A picture is worth a thousand words. Good visualizations speak for themselves saving the expensive stakeholders' time while presenting a data project. Unfortunately, raw data exploration plots are not suitable for sharing with audience no matter how good the visualization library is. The visualizations require fine tuning to make them easy to navigate for an untrained eye. Otherwise, a large chunk of the meeting is wasted on explaining what is on the plot rather than talking about the implications. Though tempting, such tradeoff can push a decision on a critical project by weeks or months.
In this blog, I will share the pieces of code that make visualizations easier to read and approaches for saving time while putting the corresponding code together. The material is intended for the Data Scientists who spend significant time exploring the data and using the results to help stakeholders make business decisions.
Python community owns a number of powerful visualization libraries.
Seaborn,
Plotly,
Altair,
Pygal, and
Plotnine are among the
many others. The libraries compete in how much insights they can cram in
one graph with a single plot command. This helps
tremendously in data exploration and discussing intermediate results
with fellow data scientists. However, the business stakeholders get
confused with the complexity of such elaborate visualizations especially
if presented in a raw form. They did not read the dataset documentation
to guess that cty on x axis is the fuel consumption in
the city, may not be aware of the average for the industry to compare it
with, or did not have a training about where to look at in a box plot.
It is on us to make the graphs easy to read. I data professional is
responsible for focusing stakeholders' attention on the things they want
to know. This last mile from a flashy picture to an informative graph
requires a significant effort.
Let's say, I found a function from a new visualization library that fits perfectly to my data and renders the following plot that I found in this article:
Looks slick, but I will have to spend time explaining what was
measured for each of the programming languages. Even after that, it is
unclear what message I want to get across and where to look for
justification. Each mental step that a stakeholder has to take while
reading the plot increases the chances of misinterpretation and the
overall confusion. Such simple steps as adding an x label or writing a
title do the job but get often omitted. Memorizing the corresponding
commands for each new library or googling the documentation every time
is not impossible but tedious. Instead, I want concentrate on the tricks
that cover the last mile using the standard matplotlib
library. There are two reasons for that:
matplotlib as
a backbone. This means that the generated image can then be finished off
in the same way as if it was generated with matplotlib
itself. matplotlib provides
all the essential visualization functionality. The result might not be
as flashy or interactive but has all the means for bringing the point
across efficiently. For example, the above visualization can be
delivered with the standard library in the way shown below. import matplotlib.pyplot as plt
programming_languages = ('JavaScript',
'HTML/CSS',
'SQL',
'Python',
'TypeScript',
'Java',
'Bash/Shell',
'C#')
past_year_use = (65.36, 55.08, 49.43, 48.07, 34.83, 33.27, 29.07, 27.98)

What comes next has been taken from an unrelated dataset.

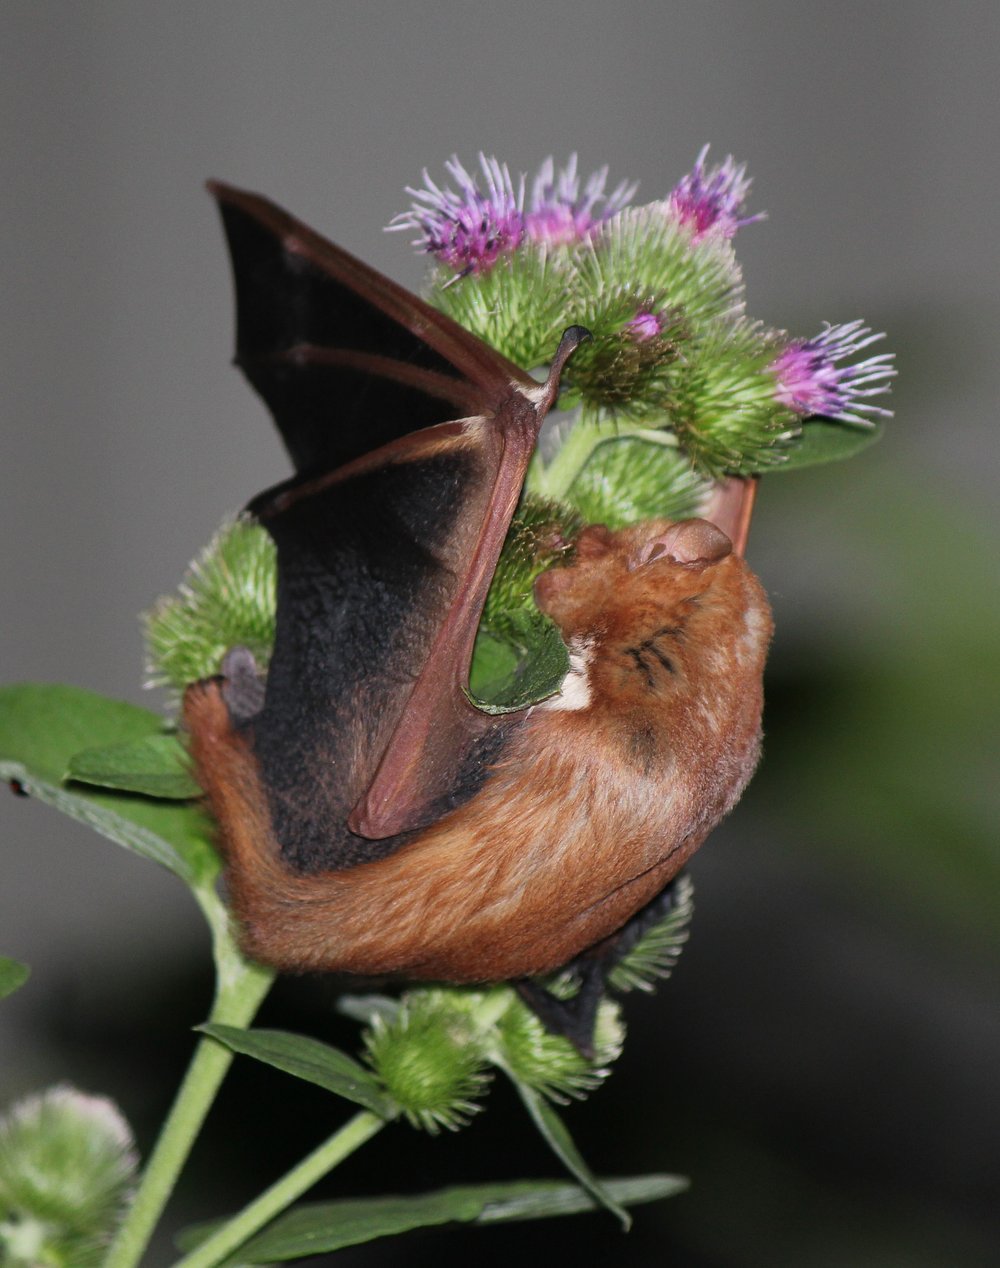 Eastern red bat stuck to a burdock plant
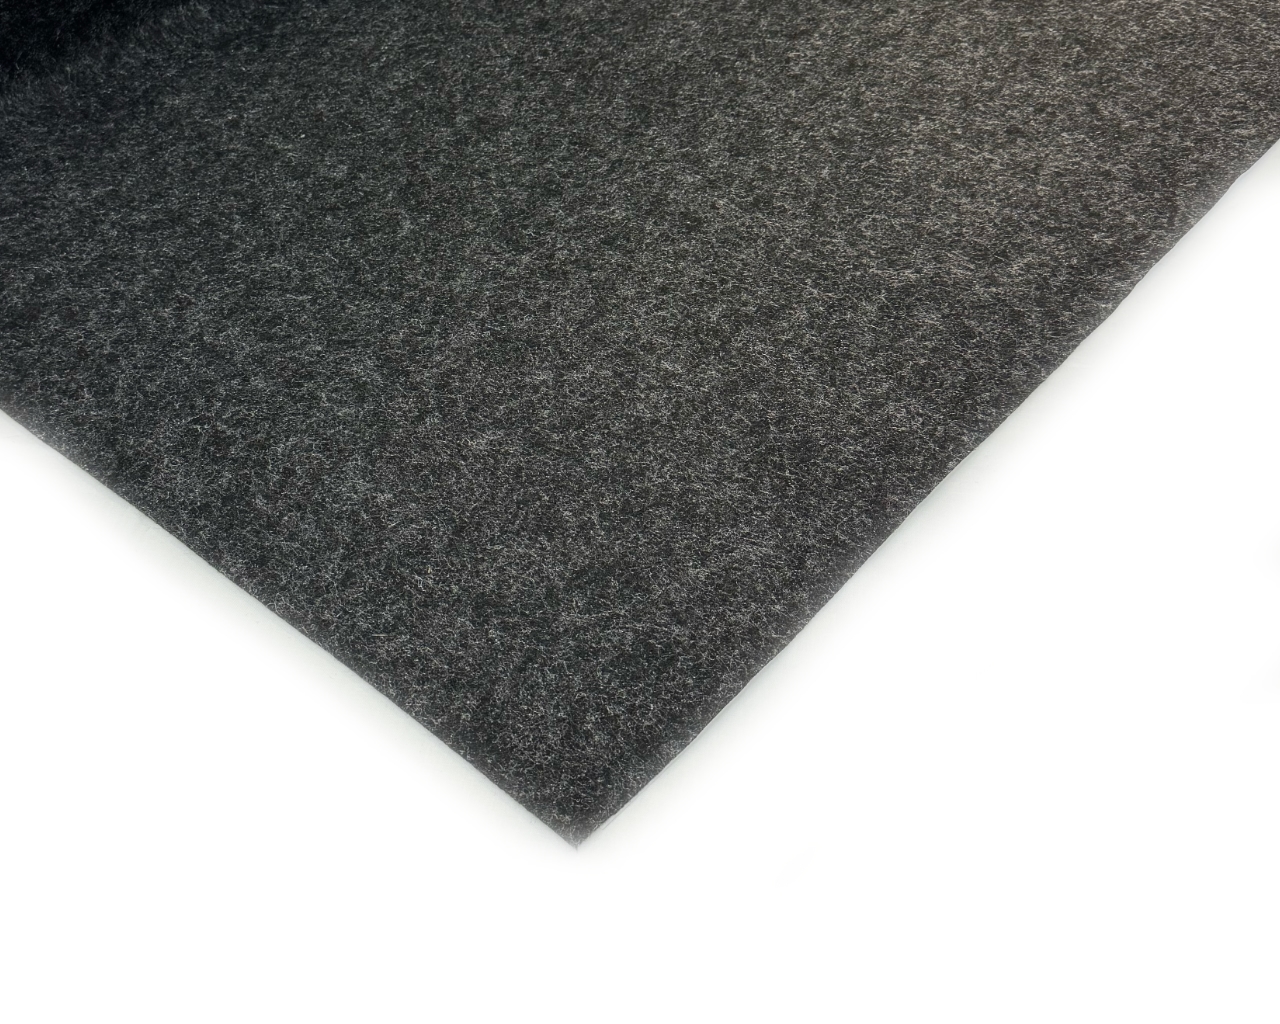 STP Acoustic Carpet anthrazit 1,40x10m - selbstklebender Bezugsstoff

plt.barh(programming_languages, past_year_use)
plt.show()The bare bones plot with matplotlib contains exactly the
same information but looks even less intuitive then the original image.
The following section will cover the steps on how to make this plot easy
to read. The section after that will show ways of saving time on the
tuning process.
The resulting plot will only appear on slides or in documentation if it was saved in a file. However, the default saving options need adjustments more often than not. Default framing settings can cut parts of the header out of image while the default resolution settings can result in a pixelated outcome.
It is our responsibility to make sure the final result looks good on
the screen where it is presented. The bbox_inches='tight'
parameter makes every piece of the plot fit and cuts the excessive white
space. The dpi parameter controls the resolution.
Increasing the dpi value results in less blurry images in
expense of the increasing file size.
plt.savefig('pics/demo_bar_plot_save.png', bbox_inches='tight', dpi=300)
Plot size should be proportional to the amount of information we want to convey. Stretching the bars across the default size figure will only eat up the space without adding any value like in the following example from here:
The following piece of code placed before the plotting function will set the figure width to 5 inches and height to 3 inches:
plt.figure(figsize = (5,3)) # set the figure size (Width, Height)
# plot preparation
fig = plt.figure(figsize = (5,3)) # set the figure size (Width, Height)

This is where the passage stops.